If z=(p+1)^4 and p is real, find the values for p

Question

Given that z=(p+i)^4, where p is real, find the values of p for which..

A) z is real B) z is a real multiple of i

I attempted doing this by opening up the brackets, which then lead to..

z= p^4 + 4p^3i - 6p^2 -4pi + 1

After this I got lost. In A) I tried denotating: z=a (since z is real). I thought I had to use the quadratic formula, since the equation above also equals to (p^2 + 2pi -1 )(p^2 + 2pi -1). That resulted in -i, which isn't the answer.

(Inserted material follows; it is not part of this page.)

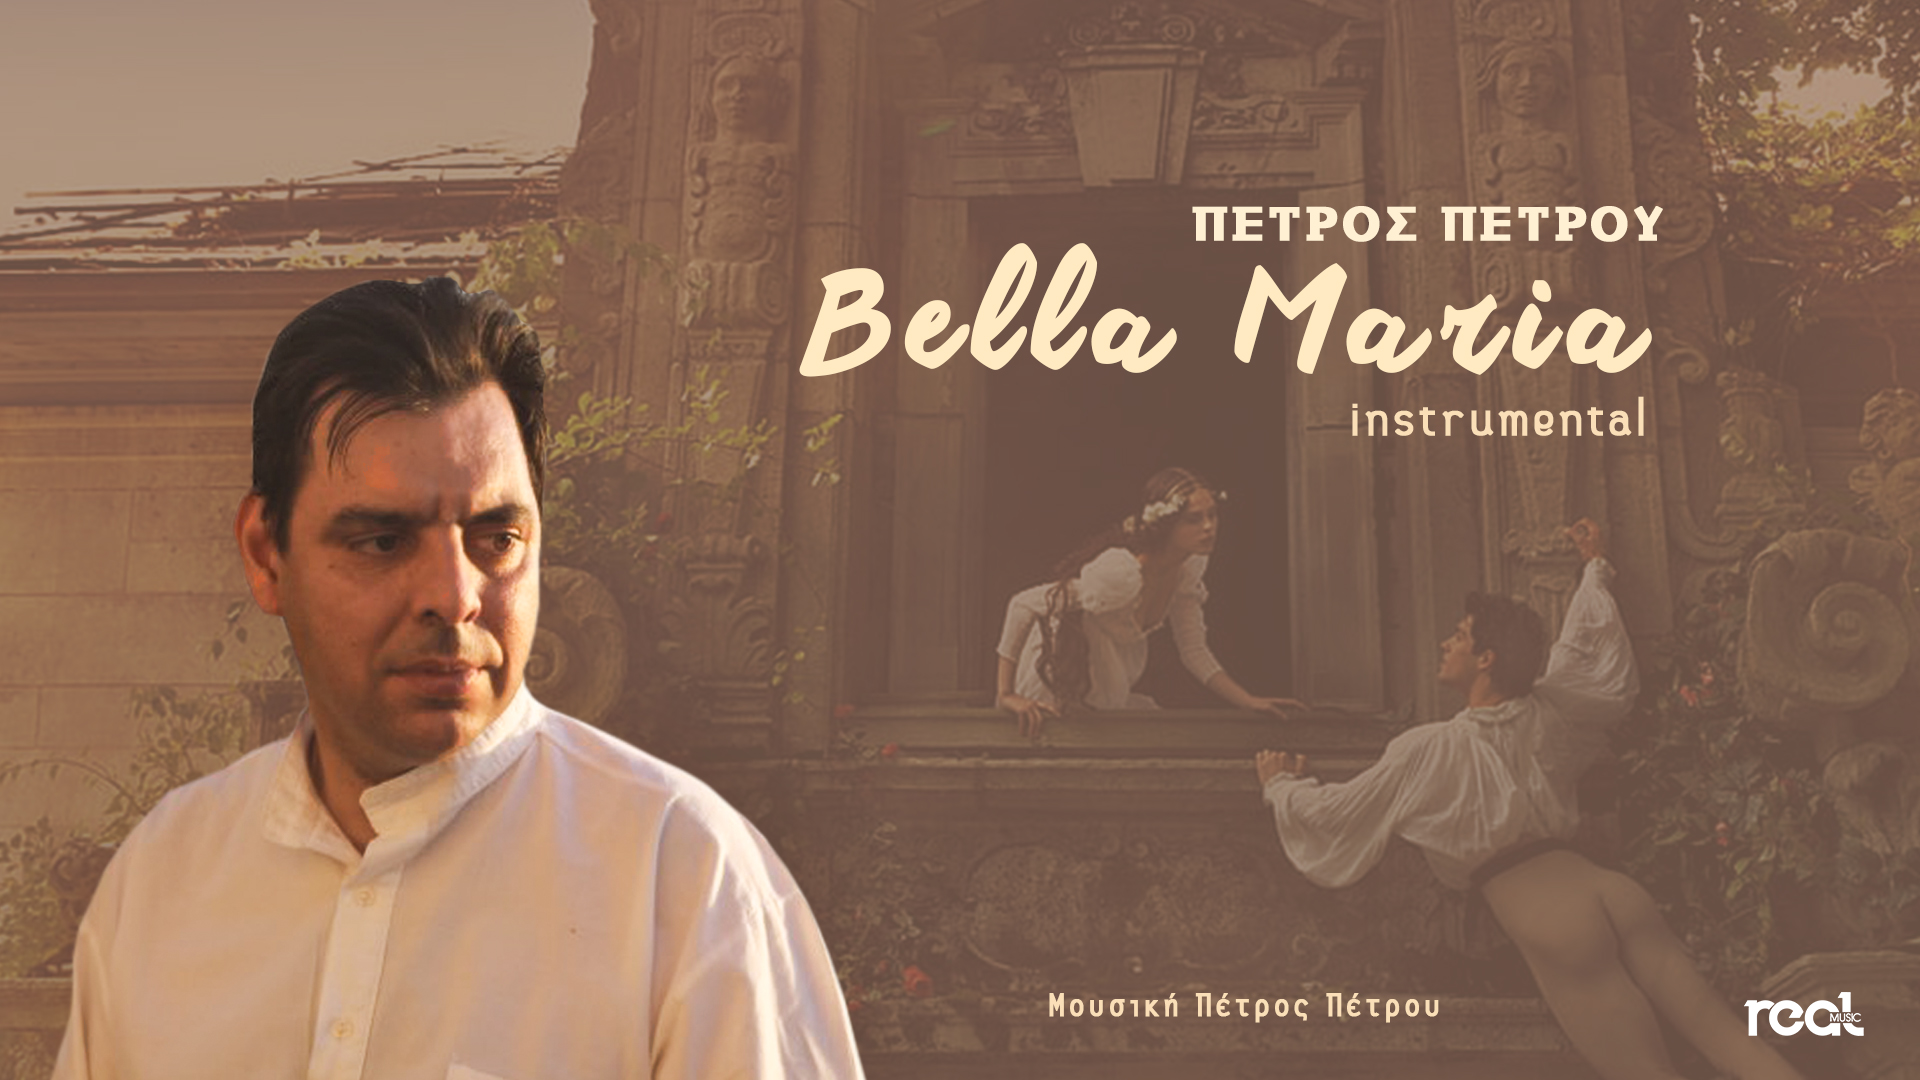 Η Real Music Greece παρουσιάζει το νέο ορχηστρικό έργο του σπουδαίου συνθέτη Petrou Petrou !

Answer for A) should be: 0, ±1 and for B) : ±(1+√2), ±(1-√2)

Answer 1

Hint $z^4=\operatorname{Re}+i\operatorname{Im}=(p^4-6p^2+1)+i(4p^3-4p)$. If $z^4$ is real the imaginary part is $0$. If $z^4$ is a multiple of $i$ then real part is 0.

Answer 2

A complex number is real iff $\bar z=z$, that is $z/\bar z=1$, provided $z\neq0$. In our case this gives $$\left(\frac{p+i}{p-i}\right)^4=1\iff\frac{p+i}{p-i}\in\{\pm1,\pm i\}.$$